# Yak Shark - full video added



## topgunpete (Jul 19, 2009)

I had to do the fish justice and as much as I dislike long youtube video I had to split the video. I believe it adds to the full experience - it was a big day. I hope you enjoy. Good and Bad comments accepted.

cheers TGP.


----------



## topgunpete (Jul 19, 2009)

Part 2 added. Hope you enjoy.


----------



## kayakone (Dec 7, 2010)

Great catch Pete. My best is 5', which is a tadpole compared to yours.

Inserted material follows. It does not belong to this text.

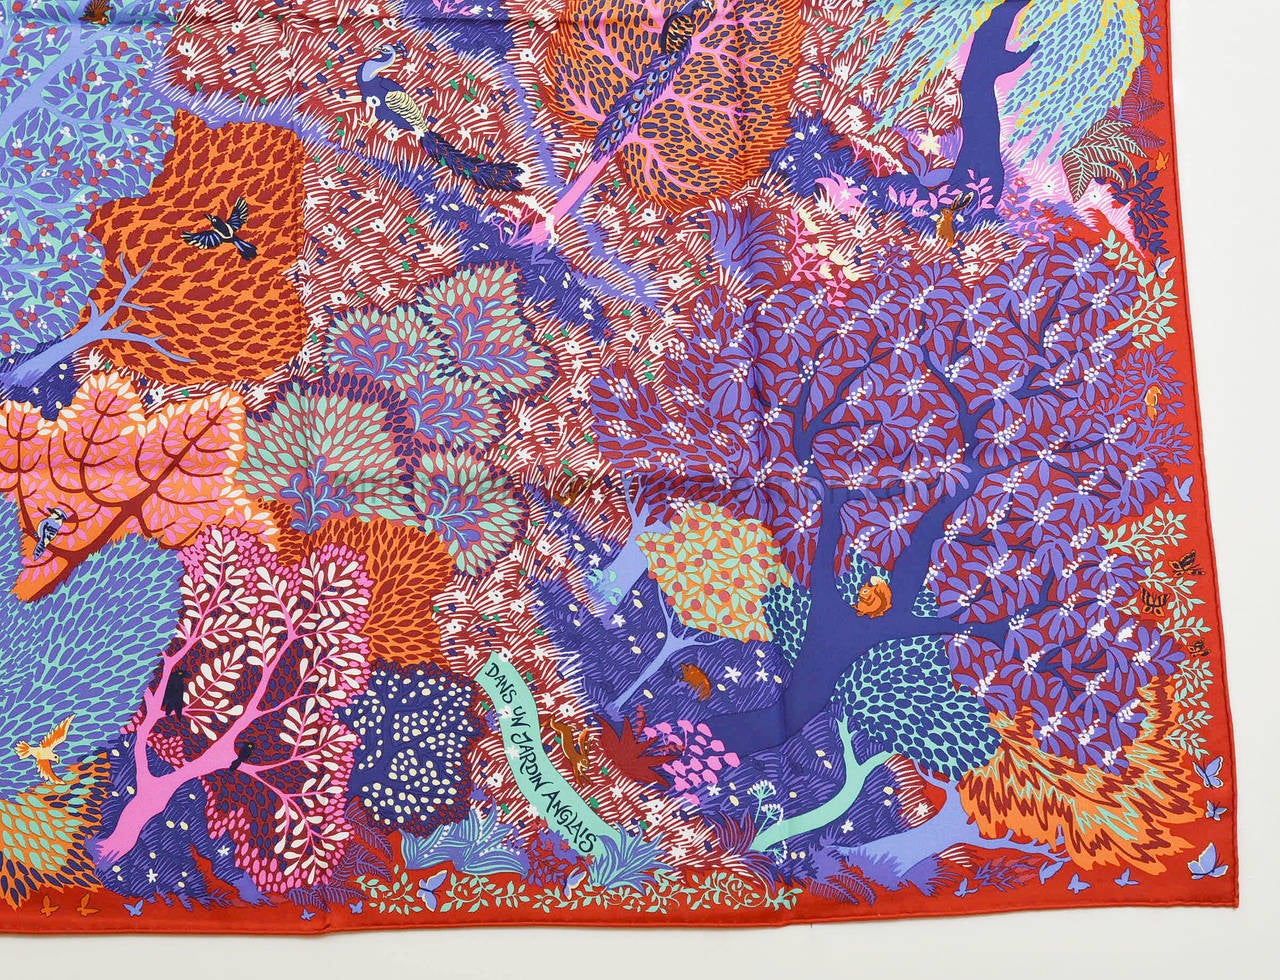 Hermes carre twill dans un jardin anglais silk red purple for Dans un jardin anglais hermes
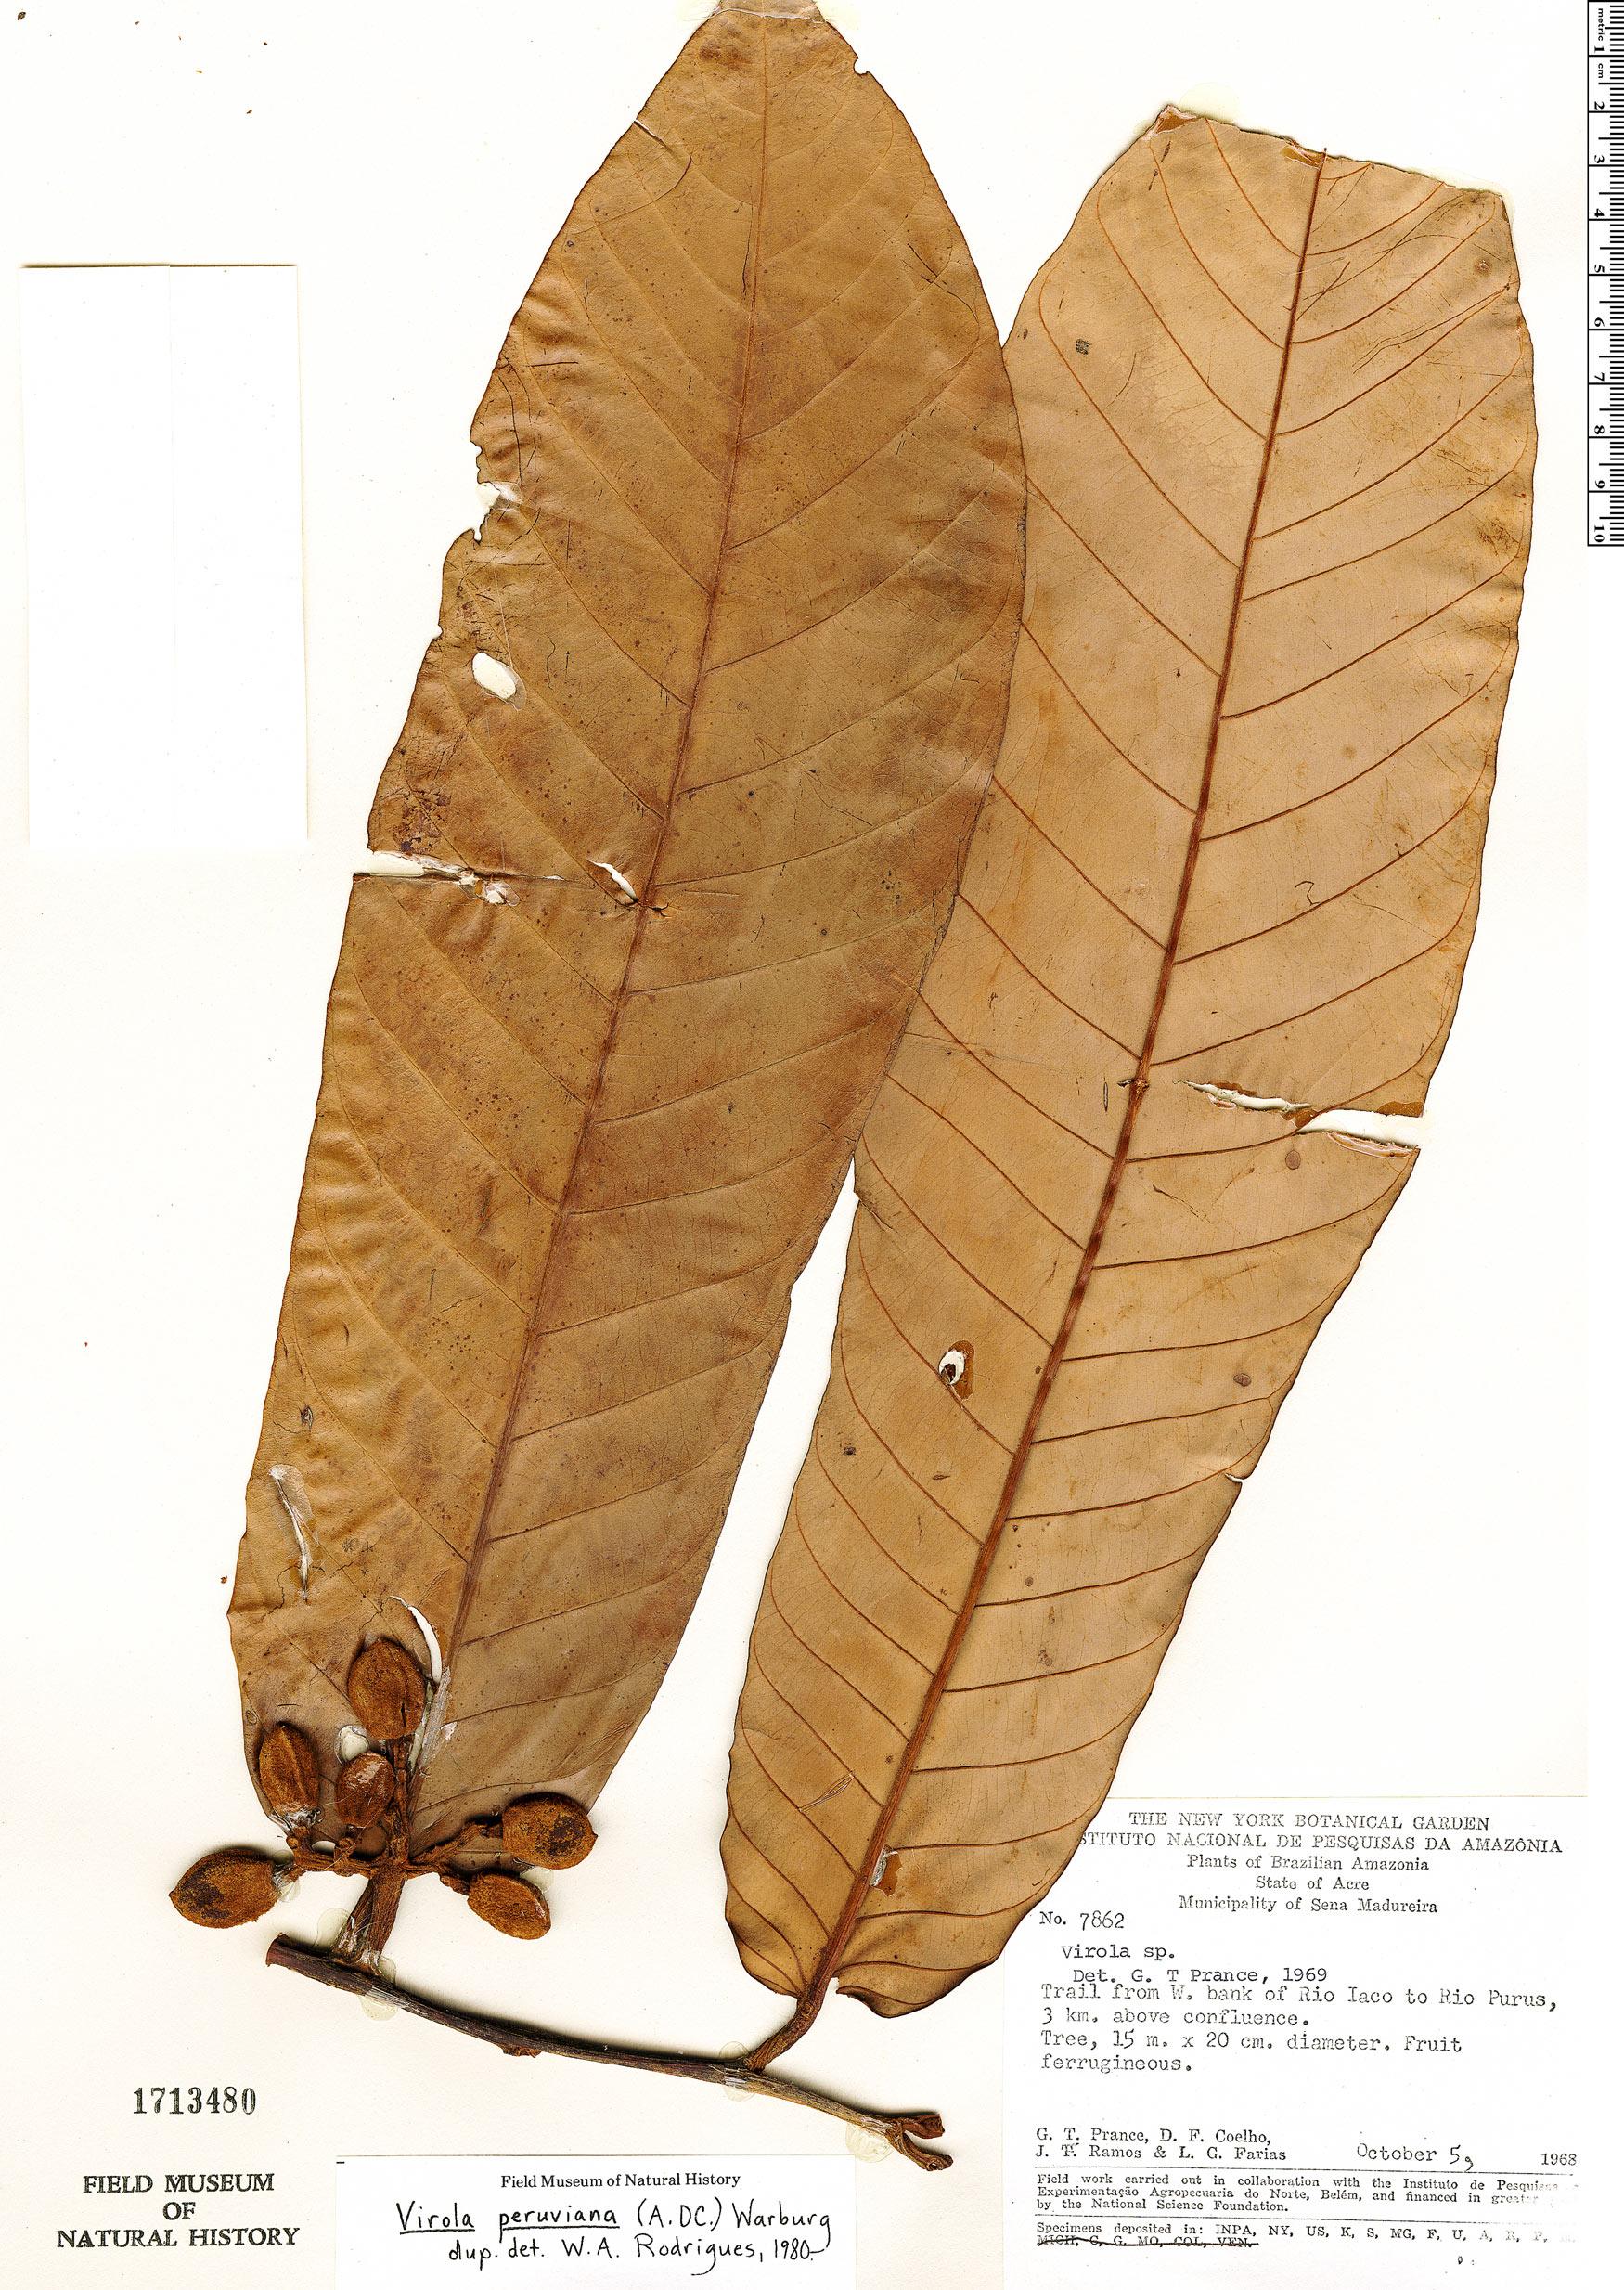 Specimen: Virola peruviana

Interested in the total length of the battle, the rod and reel combo, and the rig and bait you used. Certainly a battle of major proportions.

trev


----------



## TheFishinMusician (Feb 5, 2007)

Here's the report trev....
viewtopic.php?f=17&t=56056

thanks for the vid pete, & again, nice fish!


----------



## Guest (Jul 23, 2012)

Nice fish Pete got to be happy with that


----------



## kayakone (Dec 7, 2010)

The Fishin' Musician said:


> Here's the report trev....
> viewtopic.php?f=17&t=56056
> 
> thanks for the vid pete, & again, nice fish!


Thanks Mark


----------



## Squidder (Sep 2, 2005)

Great video Pete, shows how much of a handful a decent sized shark is in a yak. The rod juggling was classic :lol:


----------



## kayakone (Dec 7, 2010)

Very well captured (literally and figurately).

They don't give up.

Bone free dinners. Bon Apéritif!

trev


----------